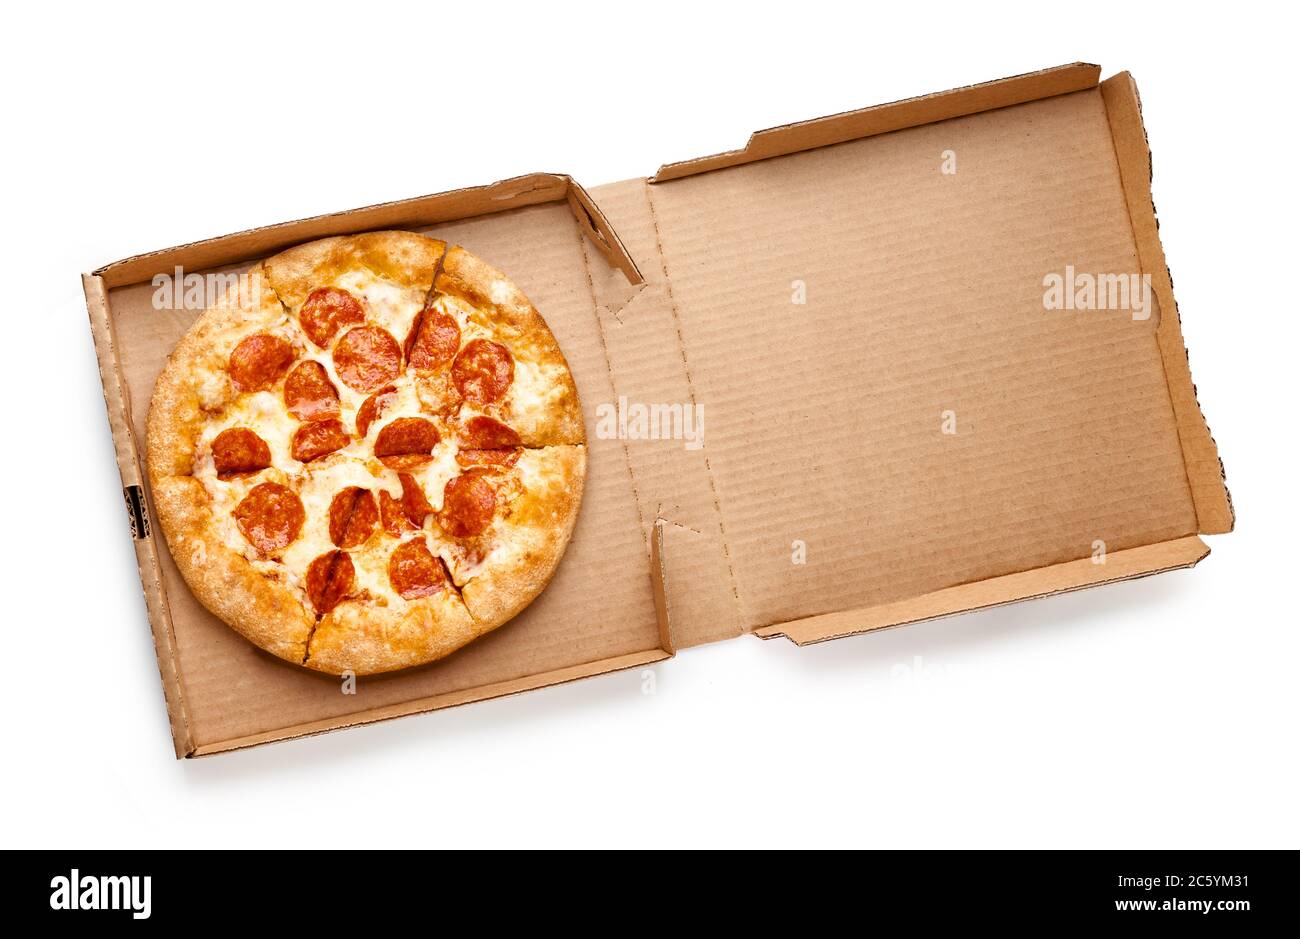 Pizza dans une boîte en carton isolée sur fond blanc. Vue de dessus du forfait pizza. Banque D'Images
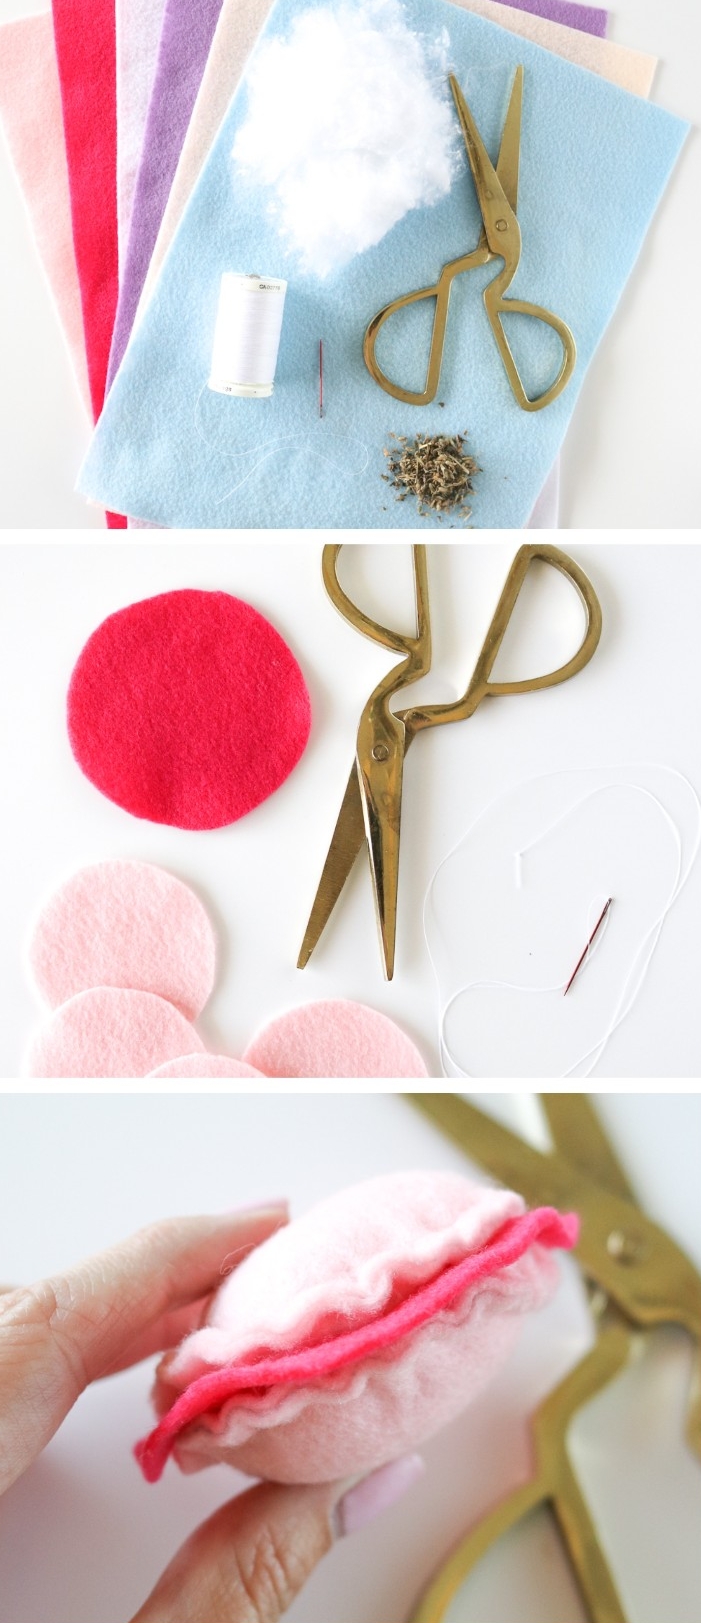 DIY jouet pour chat macaron ludique fabriqué tissu lin
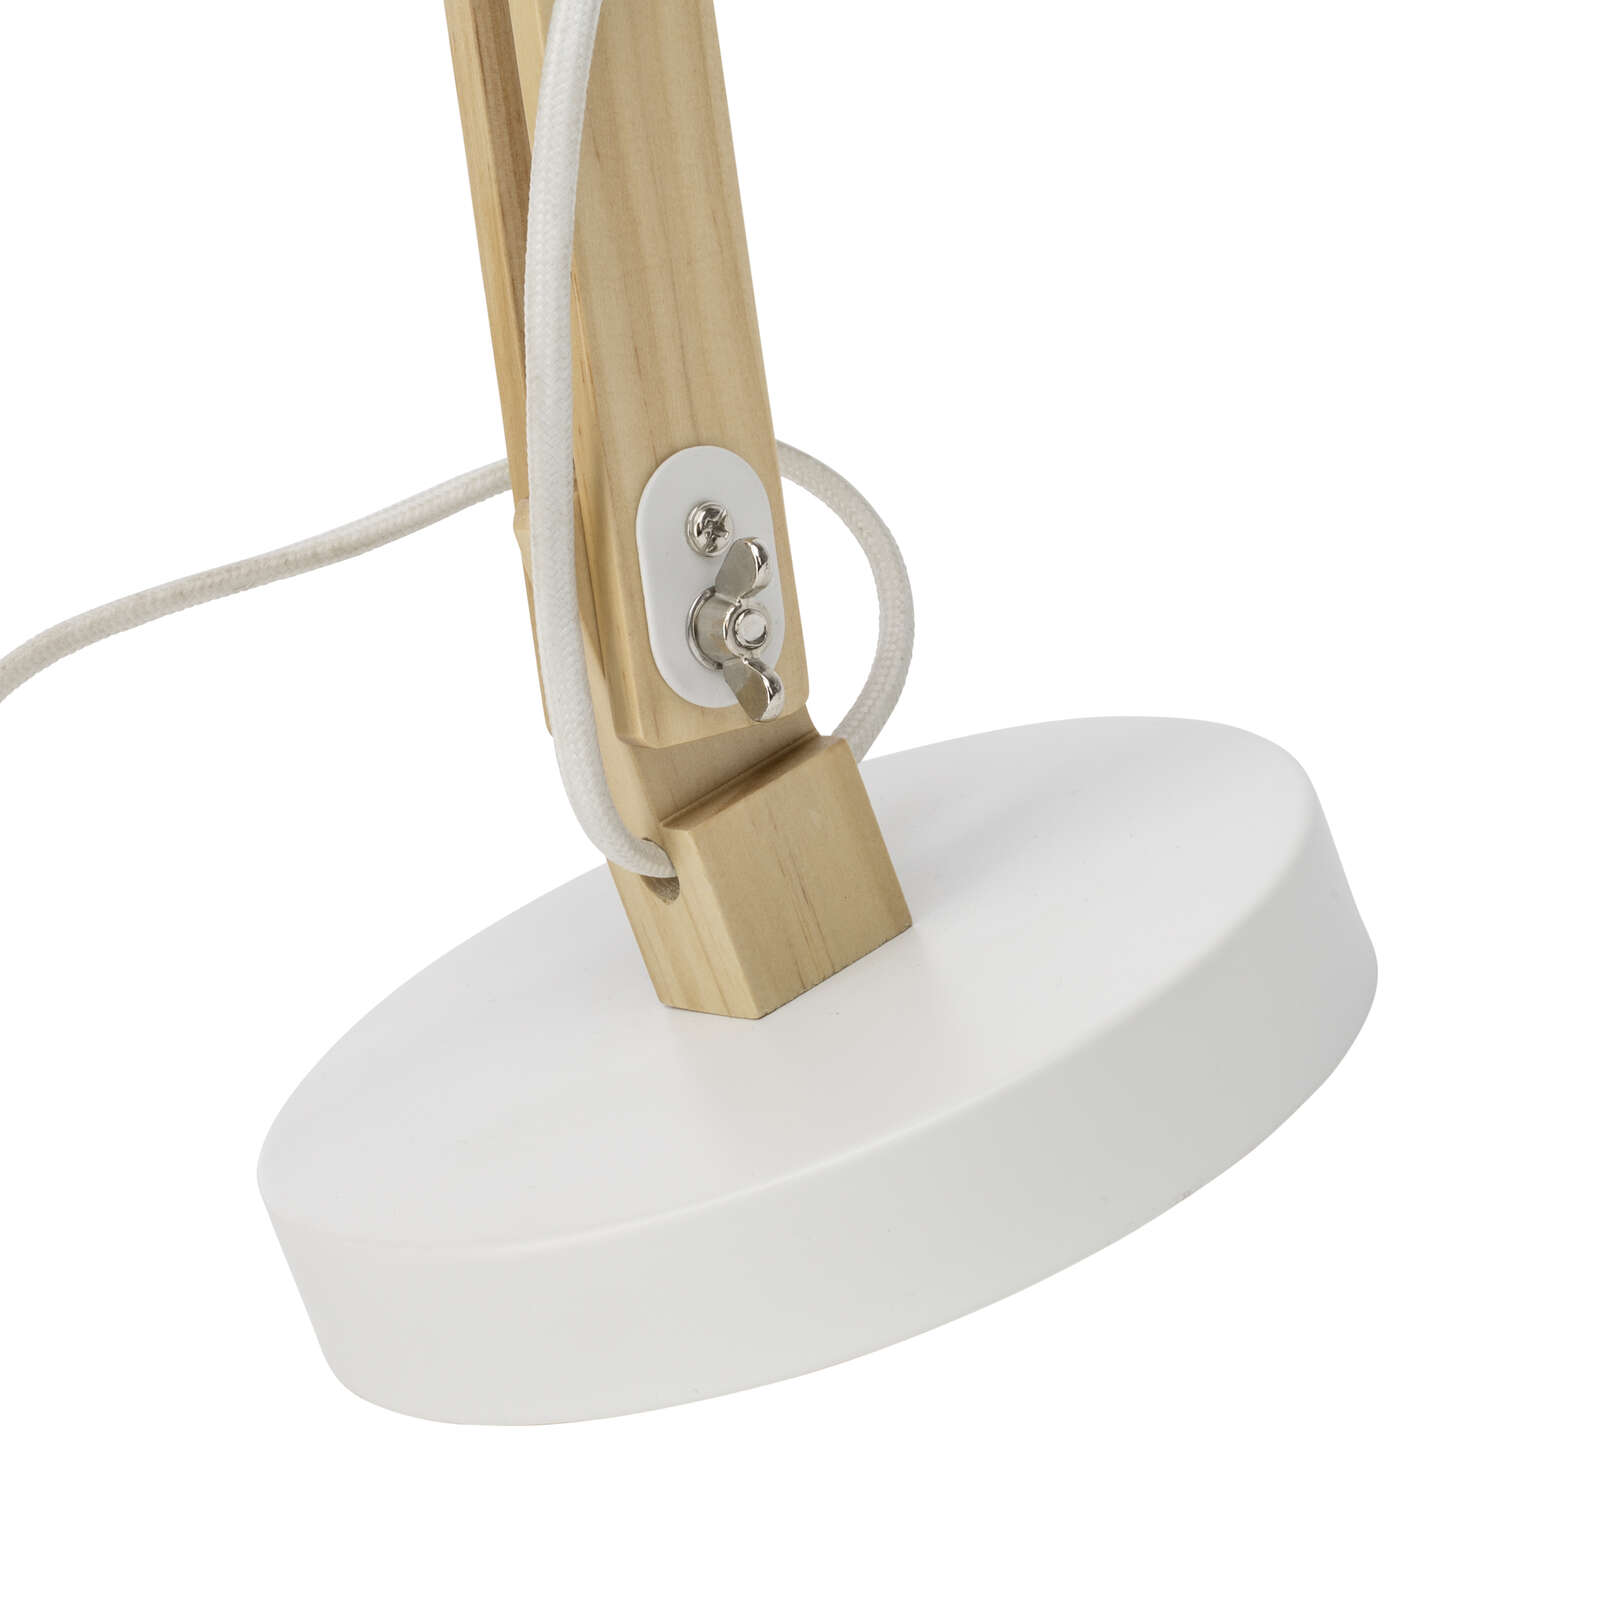             Wooden table lamp - Lisa 1 - White
+===+
Assignment —
Where the material contains pictures, leave them out and copy the rest verbatim.

Final answer —
 Pizza dans une boîte en carton isolée sur fond blanc. Vue de dessus du forfait pizza. Banque D'Images
 DIY jouet pour chat macaron ludique fabriqué tissu lin
             Wooden table lamp - Lisa 1 - White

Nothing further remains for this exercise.